Friday 19 June 2020

God in the dock

A sermon for Provoking Faith in a Time of Isolation,
Bloomsbury Central Baptist Church
28th June 2020




Job 31.35-37; 38.1-11, 25-27

I suspect that that many of us, during the last few months of lockdown,
            have watched more TV than normal….

One of the most popular types of series are known as courtroom dramas,
            where the action plays out before a judge,
            with the prosecution and defence mounting their cases.

And one of the ways of thinking about the book of Job
            is to read it as a courtroom drama,
with various witnesses offering their perspectives,
            inviting judgment on the central question
            of who is to blame for Job’s suffering.

In our first reading for this morning, from Job chapter 31,
            we find ourselves in the middle of Job’s final speech in the book.
This is his ‘summing up’ of his defence.
            But what is not entirely clear, however, is who is ‘in the dock’?

Ostensibly, within the world of the narrative, it is Job who is on trial.
            He has been mounting his defence against a slew of accusations
                        that he has in some way acted to bring about his own downfall:
                        either through some sin, or unfaithfulness, or by angering God.
            And he protests his innocence on all charges.

But, and here’s the turn: if Job is innocent,
            then maybe it’s actually God who is guilty?
If humans cannot ultimately be held to account for their own suffering,
            maybe they should instead blame God?
This is the wider concern that the book of Job addresses.

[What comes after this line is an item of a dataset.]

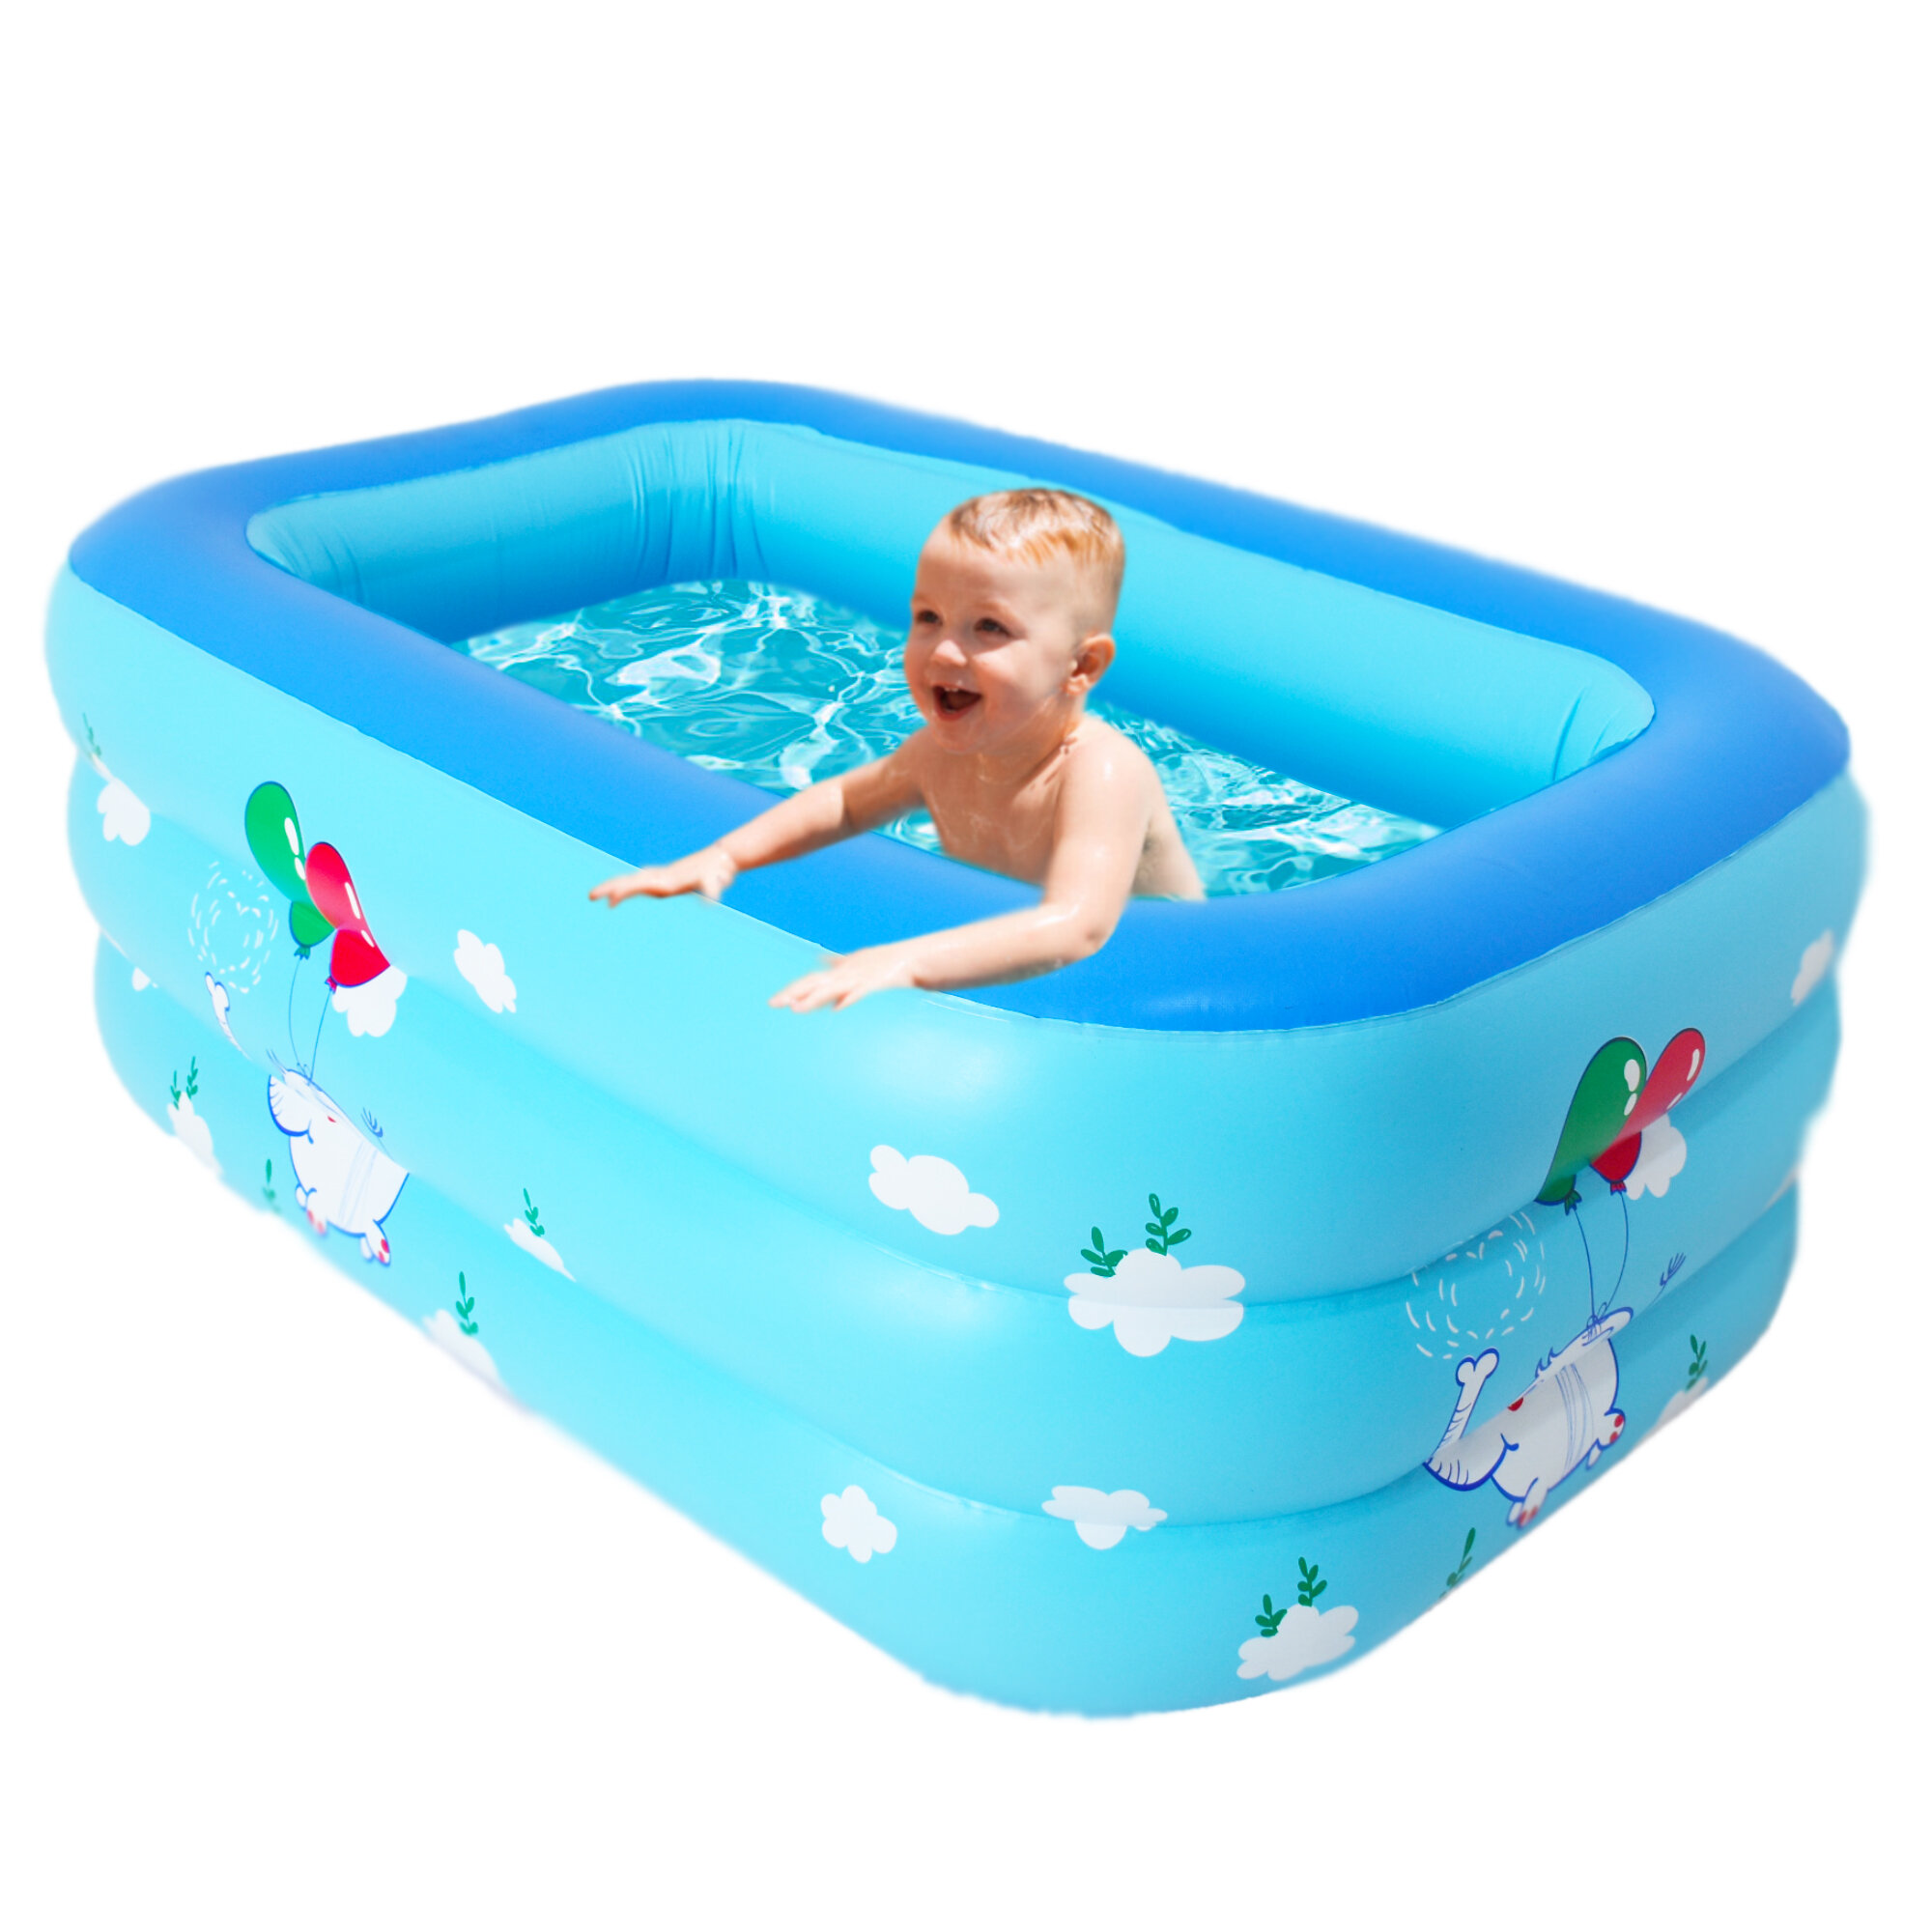 BabySPA Home Spa Inflatable Pool (150 x 100 x 53cm)

In his final speech, if we had time to read it all,
            we would see that Job talks through is past life,
                        and how good it was (ch. 29),
            and then goes on to outline what has happened
                        to him in his downfall (ch.30).

As we join him in chapter 31,
            we find him taking a long oath proclaiming his integrity and his innocence,
and in the verses we read this morning
            we heard him calling on God to answer him.

Then we get to hear God’s answer a few chapters later,
            when God shows up in a voice heard from the howling of the wind.

God’s response is to take Job on a ‘whirlwind’ tour of creation,
            with the point being that nature has
                        an integrity, a majesty, an awesomeness all of its own,
            quite apart from any characteristics that humanity might ascribe to it.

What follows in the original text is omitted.